As is implied by the name, it’s a searching problem. To solve some problems using reinforcement learning methods such as Q-learning, we need to design a network structure to train. Obviously, the quality of the training datas and parameters such as learning rates will affect the training effect, but the network structure is also an indicator of the training effect. So, it’s significant to design a good network structure. In the past, this task was done manually. Now we want to leave the task to a neural network. Yes, let a neural network generate a neural network!

The neural network can be abstracted into a graph. The direction of the edges represents the flow direction of the input datas, and the points have an activation function, such as softmax and tanh. All the neural network should do is to generate a directed graph and place a activation function on all the points.

What is Efficient Neural Architecture Search(ENAS)

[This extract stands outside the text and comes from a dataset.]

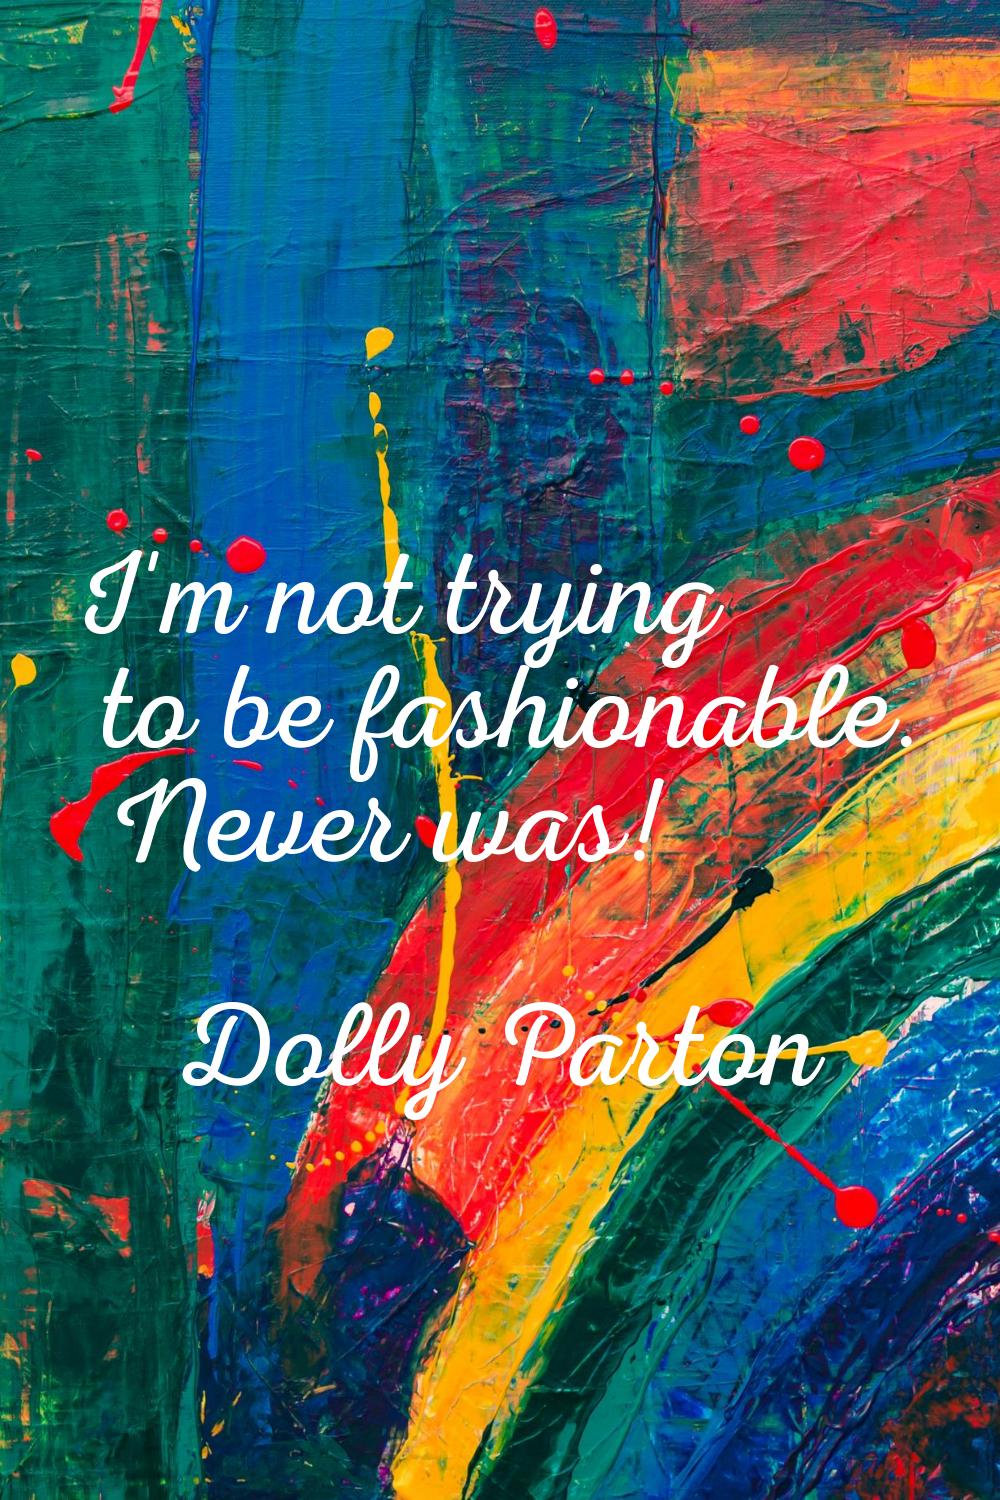 I'm not trying to be fashionable. Never was!

Well, it’s still a neural architecture search problem, but it’s efficient. How to understand it? In fact, in order to generate a better network, we need to train this neural network, and we regard it as a Controller. For a network generated by it, how to evaluate whether it is good or bad, that is, reward? Train the network! Because of the expensive cost of time to train a network, which will slow down the training speed of the controller, we need to speed up. For example, if a network generated by controller need 10 hours to train until it convergent, that is, we need 10 hours to get a reward of the action made by controller. Imagine that you play a game, do an action, and then give you feedback for 10 hours before you can make the next action, isn’t it very uncomfortable?

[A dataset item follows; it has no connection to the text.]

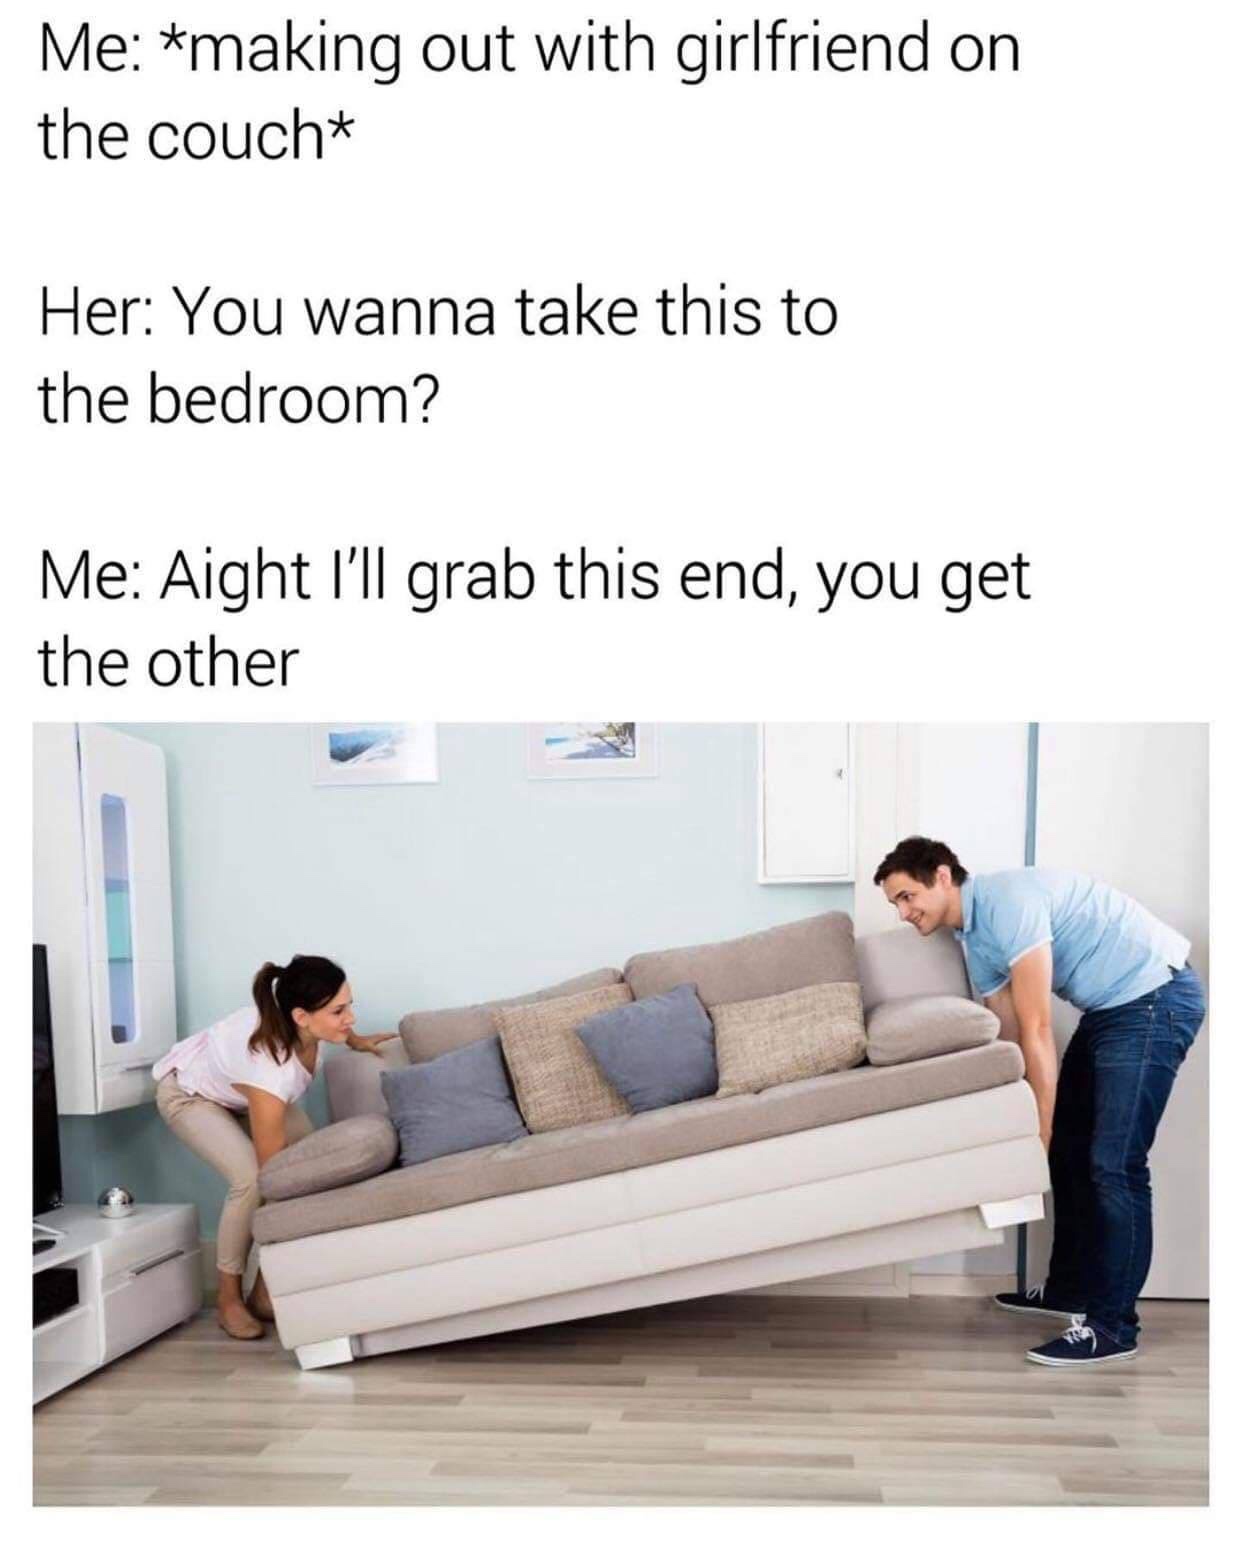 dank memes - funny memes - wanna take this to the bedroom meme - Me making out with girlfriend on the coucht Her You wanna take this to the bedroom? Me Aight I'll grab this end, you get the other

So, how to speed up? We can start with the trained network. The purpose of training the network is to obtain good parameters. Note that the structure of the generated network is similar sometimes, and some parameters can be retained so that there is no need for retraining, which can speed up the convergence of the network. Therefore, the key to improvement is parameter sharing.

The Framework of ENAS

According to the paper, it’s a searching problem. So there will be a searching space. For example, there is a complete graph with four points in the following Figure.

The controller is a Recurrent Neural Network, RNN, which has a flexible length of output and memory of the network outputing before. The task the controller should do is select edges and the activation function on the points. The following Figure is an example of the output of controller: ['tanh', 1, 'ReLU', 2, 'ReLU', 1, 'tanh']

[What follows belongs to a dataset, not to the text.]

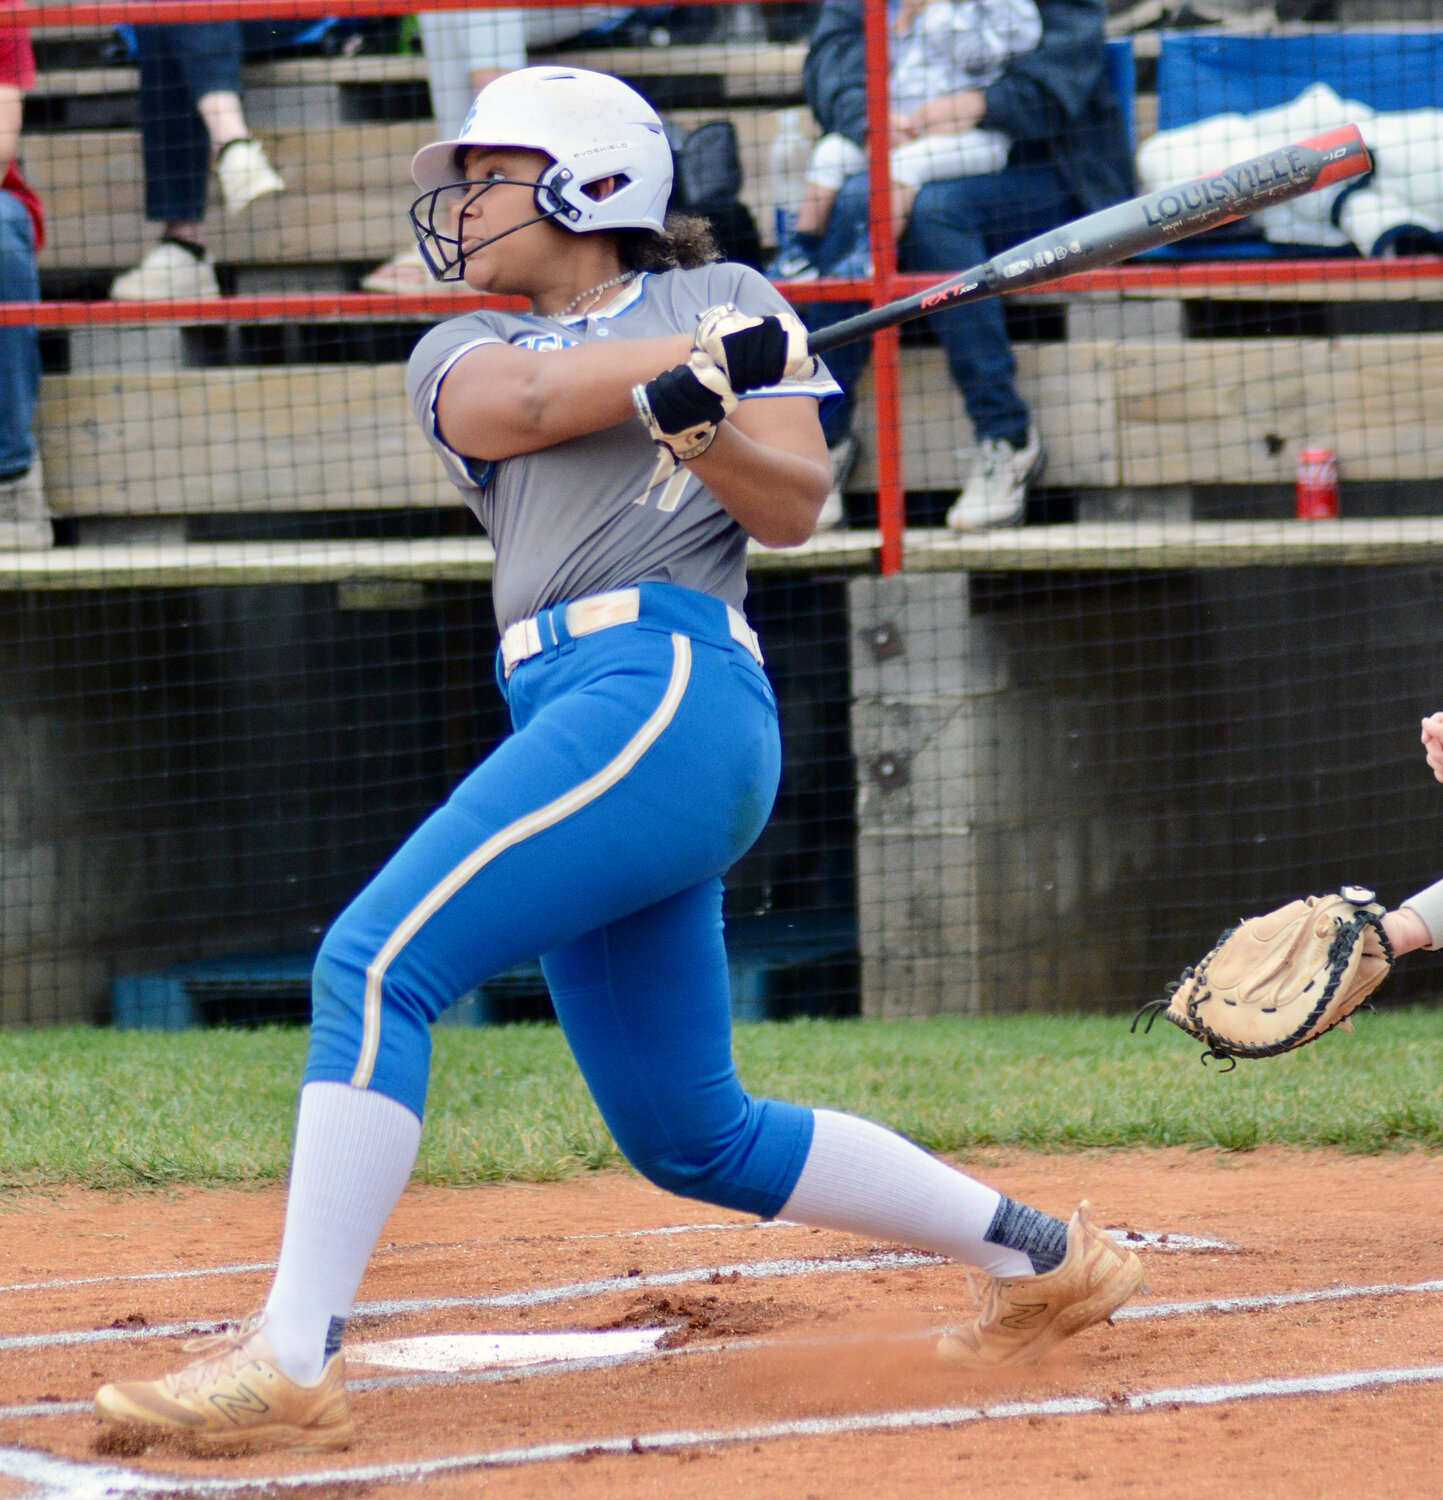 Golden Eaglette Lilly Brown has had an explosive District 6 4-A tournament thus far including a grand slam and another home run Friday night against Franklin County.

The first activation function is on the Node 1. And the next two is about the information of Node 2: the data from Node 1 will flow to Node 2, and the activation function on Node 2 is ReLU, and so on. Node 0 is the input and the data on it will always flow to Node 1. And the points which has no output edge is regarded as End Node, and we will mean all the data in End Node and flow to Output Node to get the result.

From the search space we can see that all the parameters(W, b) of the neural network are on the edges, and when we select an edge at one time and train it. Next time we again select the same edge, the previously trained parameters can be reused.

So, here is the steps of the whole framework:

The Controller generate a network, that is, output a sequence such
as ['tanh', 1, 'ReLU', 2, 'ReLU', 1, 'tanh']
Generate the network according to the sequence.
Train the network.
Evaluate the network, get the accuracy
Controller get the reward, and learning.

Problems in the paper reproduction code

Frankly speaking, this code is NOT a reproduction of the ENAS parameter sharing paper based on the above introduction at all.

It cann’t run

This shocked me the most, although the reason why it cann’t run was not fatal.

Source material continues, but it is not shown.